The Peoples of North America Full-time farming and Mississippian culture: By around a.d. 700, people in the Mississippi River valley had shifted to full-time farming. Some of their cities, such as Cahokia, had populations of more than 10,000. The Iroquois: Northeast of the Mississippian people lived the Iroquois peoples. They dwelled in villages of longhouses, with the men hunting and the women farming and gathering wild plants. The various Iroquois groups often warred against each other until an alliance of five groups, called the Iroquois League, was formed in the 1500s. Representatives of the groups formed a Grand Council that met to settle differences.

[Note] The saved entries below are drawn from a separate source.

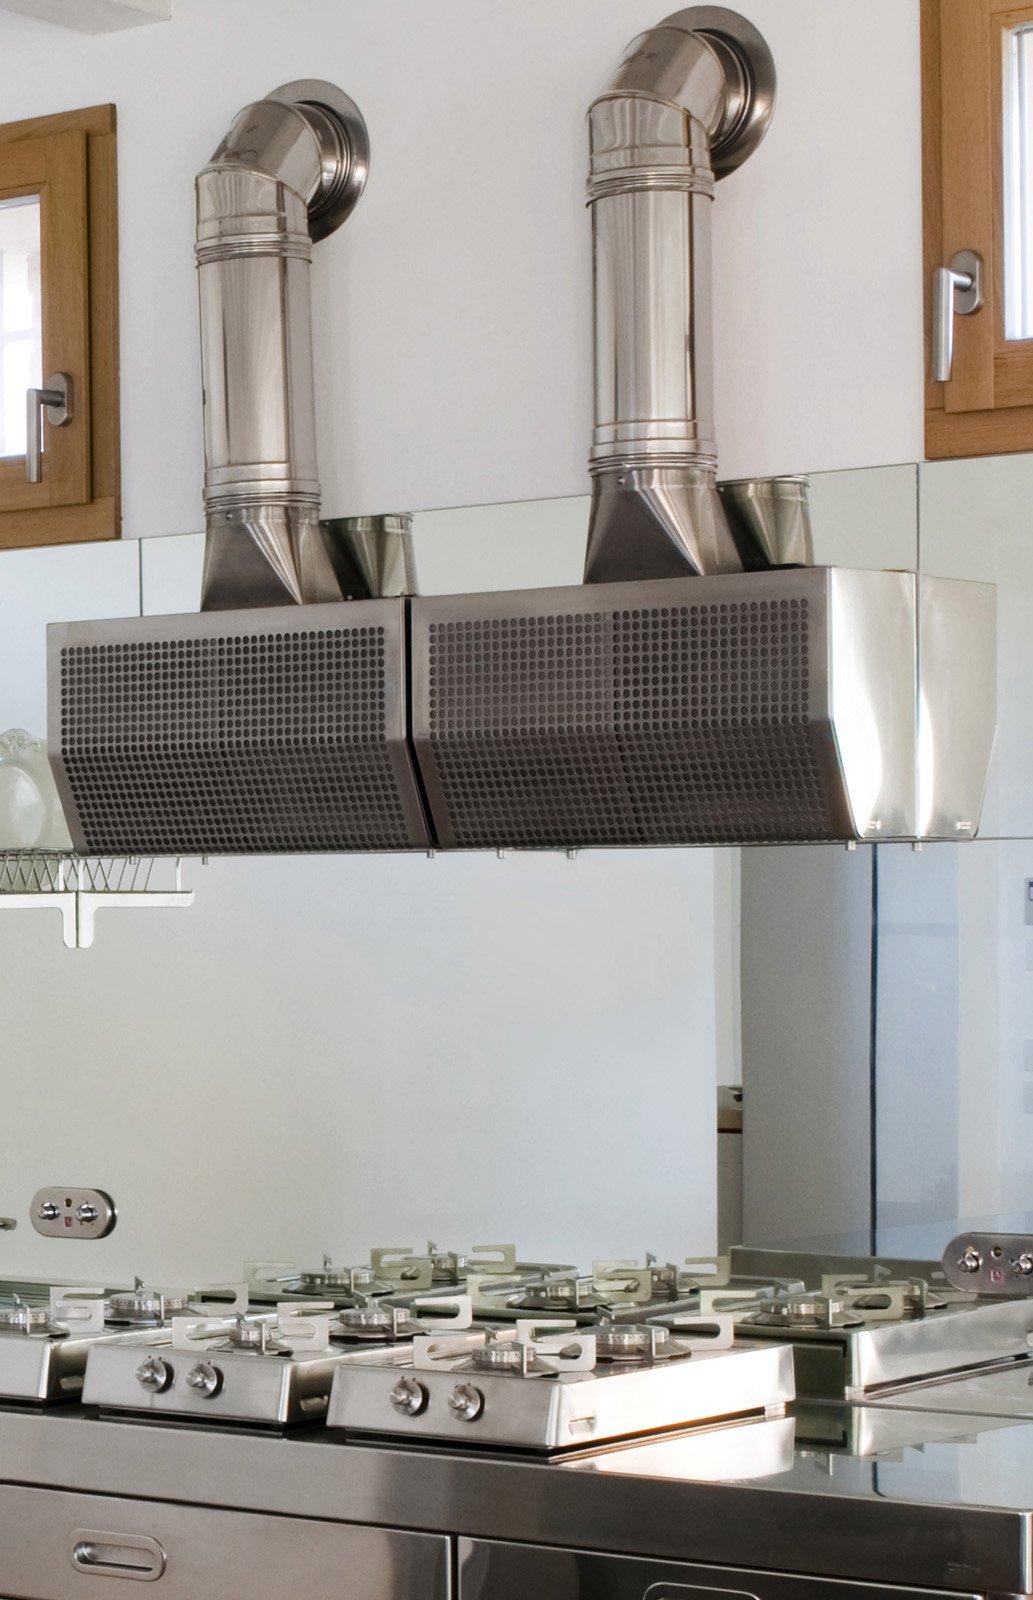 Cappe per la cucina cose di casa - Cucina acciaio prezzi ...
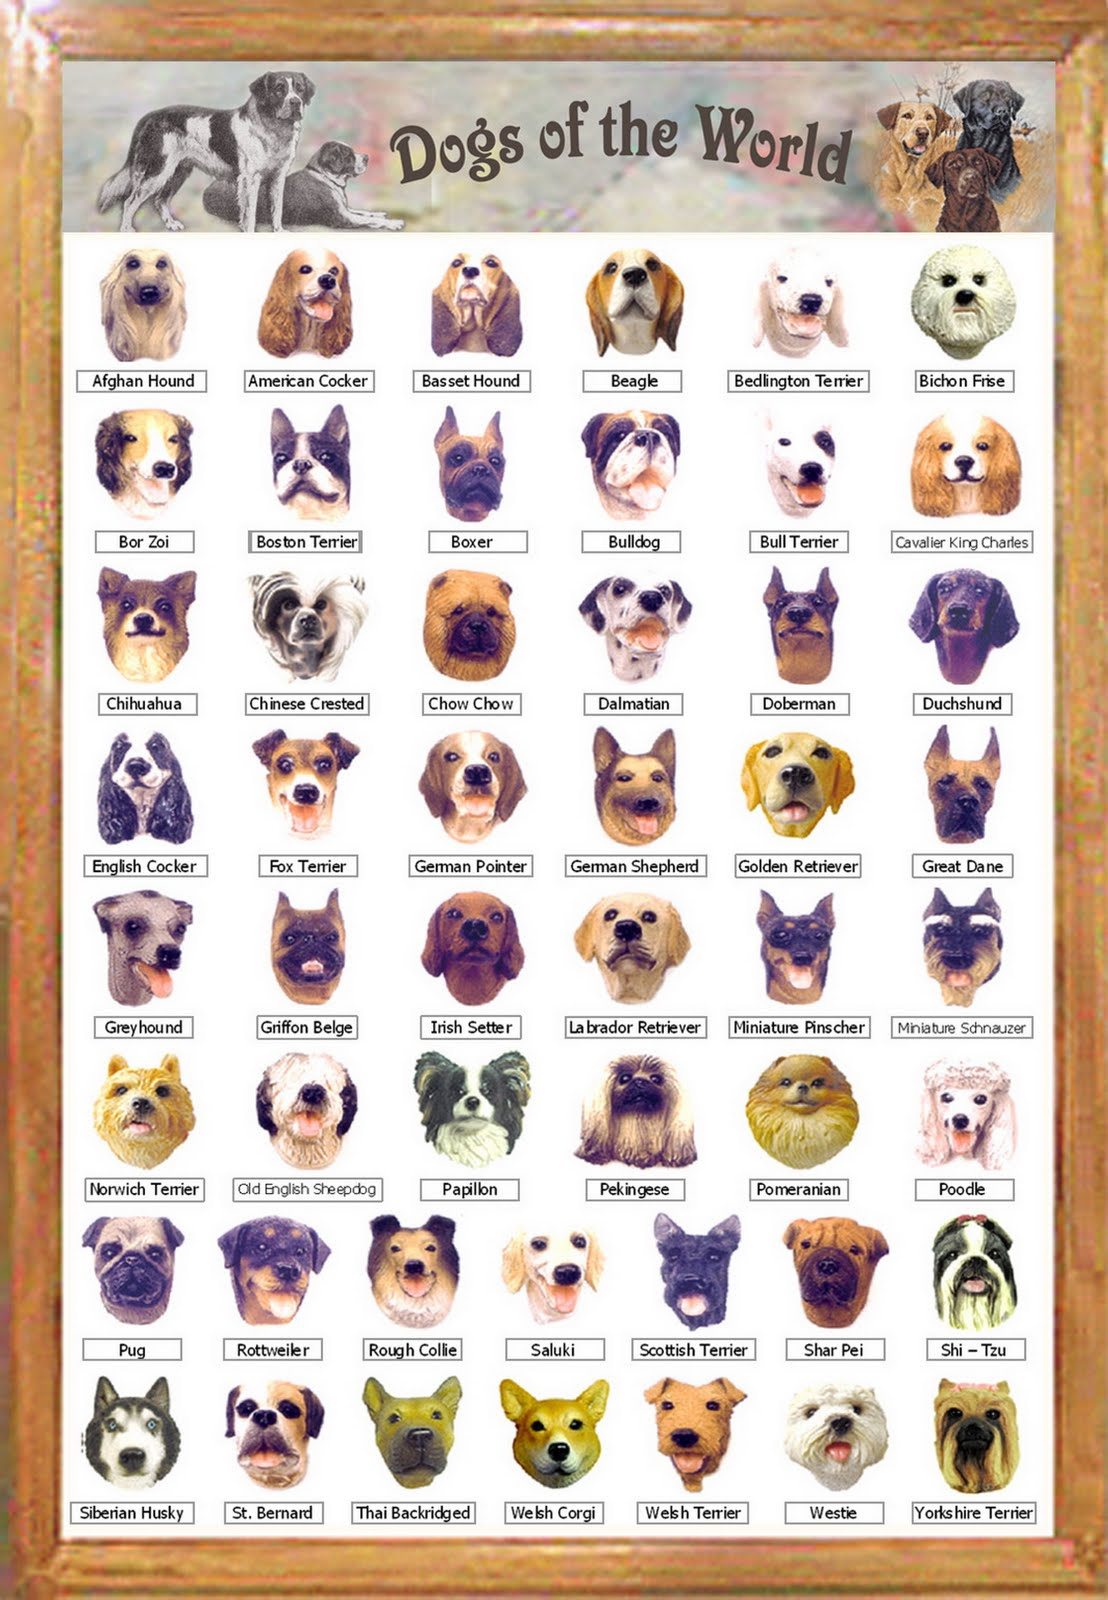 Dogs breeds dogs breeds dogs breeds
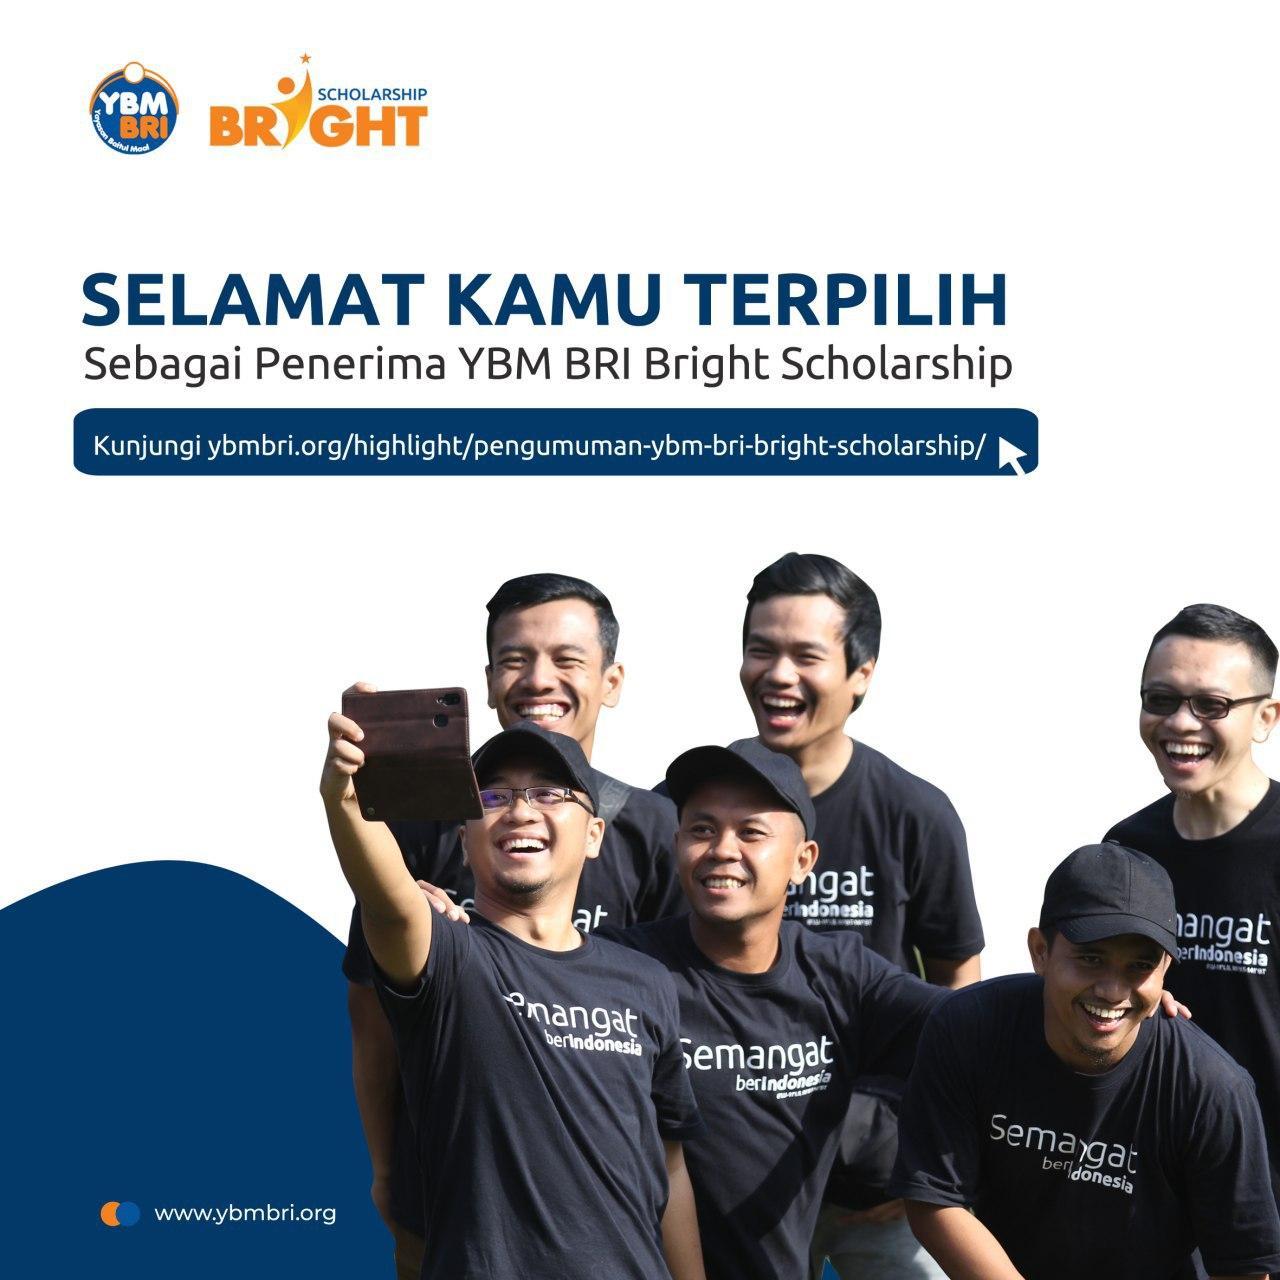 Pengumuman Hasil Akhir YBM BRI Bright Scholarship

The Peoples of North America Plains Indians: On the Great Plains west of the Mississippi River valley lived peoples who both farmed and hunted buffalo. The buffalo provided them not only with meat but also with skins from which they made their clothing and shelters.

The Peoples of North America The Anasazi: In the southwestern part of what is now the United States, the Anasazi peoples used irrigation techniques to establish an extensive farming society. Their communities, including those at Chaco Canyon and Mesa Verde, consisted of multistory pueblos.

The Maya Rise and fall of the Maya: The Maya civilization arose on the Yucatán Peninsula and dominated a large part of Mesoamerica between A.D. 300 and 900. The reasons for the civilization's decline are not clearly understood. Maya city-states: Maya civilization consisted of a number of city-states, some with populations of more than 100,000, each governed by a hereditary ruling class. These city-states often warred with one another. Maya social structure: Maya rulers claimed descent from the gods. Below them on the social scale were nobles and a class of priest-scribes. Some peasants and townspeople worked as merchants, artisans, and government officials, but most peasants were farmers. Men engaged in warfare and hunting, whereas women supervised their homes and children.

Maya Religion and Culture Maya religion: The Maya believed in a variety of divine powers, both good and evil, that controlled all life. They appeased the gods through rituals of human sacrifice. Maya writing: The Maya developed a hieroglyphic writing system, which they used in books and inscriptions, many of which record important events in Maya history. Maya calendar and mathematics: The calendar, or Long Count, of the Maya was based on cycles of creation and destruction. They calculated time both in solar years and in sacred years, the latter being used by priests who also used the Maya base-20 mathematics for astronomical purposes.